*** GIVEN DATA Section Begins ***

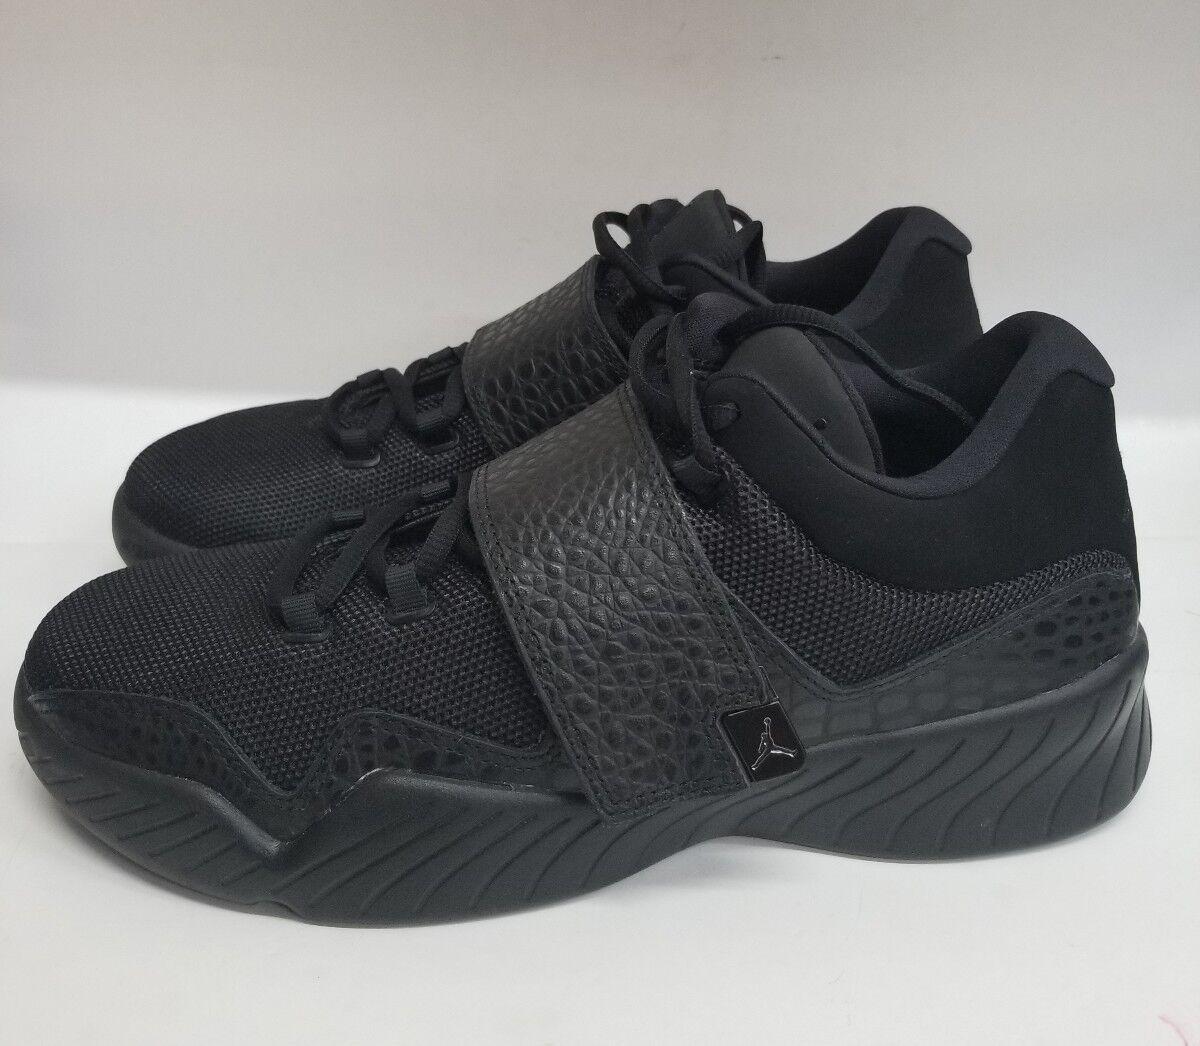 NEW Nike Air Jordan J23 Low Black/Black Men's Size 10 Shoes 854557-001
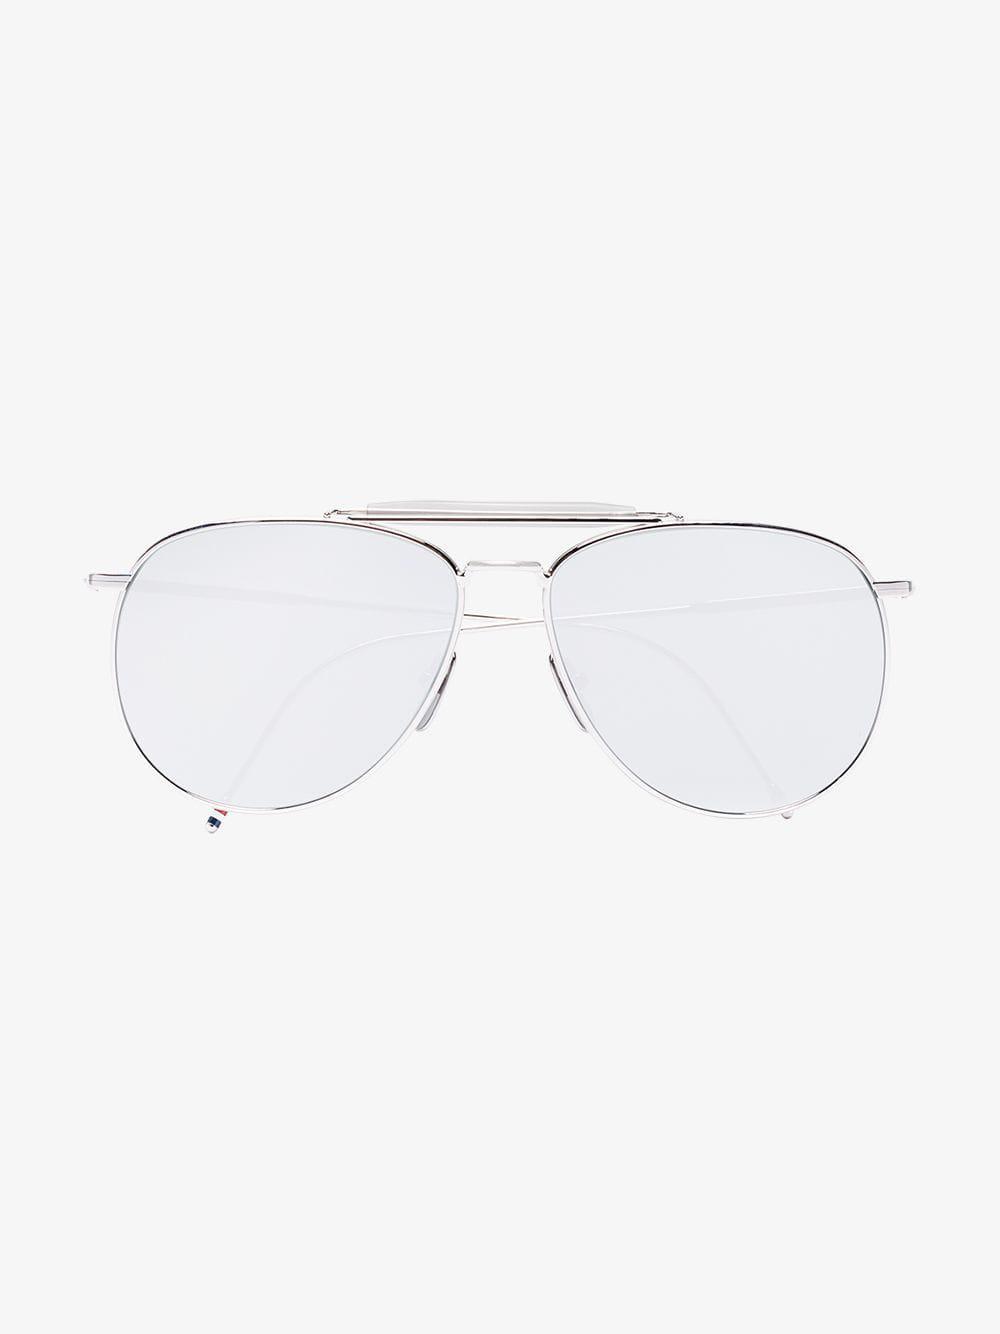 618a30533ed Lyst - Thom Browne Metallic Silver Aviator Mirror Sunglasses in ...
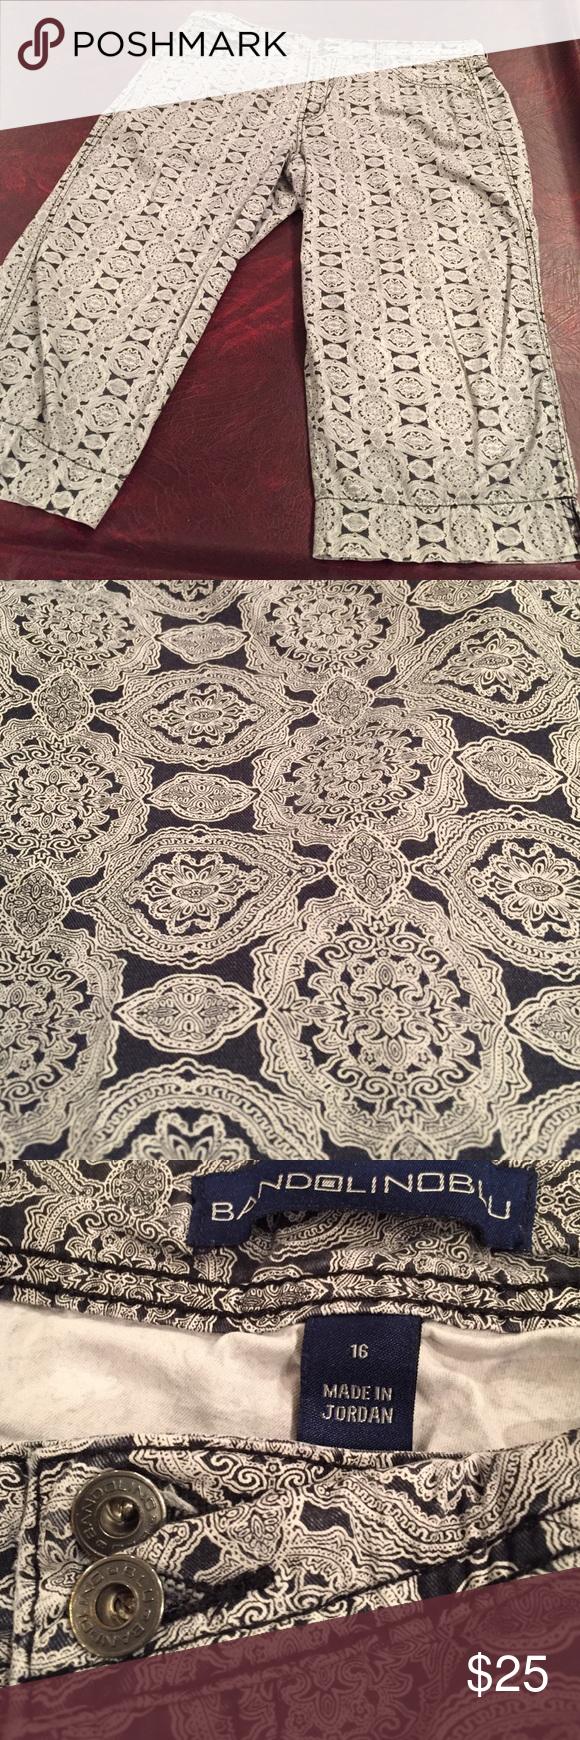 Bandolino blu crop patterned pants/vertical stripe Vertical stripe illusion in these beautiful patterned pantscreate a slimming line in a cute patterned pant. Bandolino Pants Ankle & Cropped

*** GIVEN DATA Section Ends ***

*WHAT IS REQUIRED*
Make an exact copy of the whole listing, but don't bring over any pictures.

*ANSWER FOR THE TASK*
 NEW Nike Air Jordan J23 Low Black/Black Men's Size 10 Shoes 854557-001
 618a30533ed Lyst - Thom Browne Metallic Silver Aviator Mirror Sunglasses in ...
 Bandolino blu crop patterned pants/vertical stripe Vertical stripe illusion in these beautiful patterned pantscreate a slimming line in a cute patterned pant. Bandolino Pants Ankle & Cropped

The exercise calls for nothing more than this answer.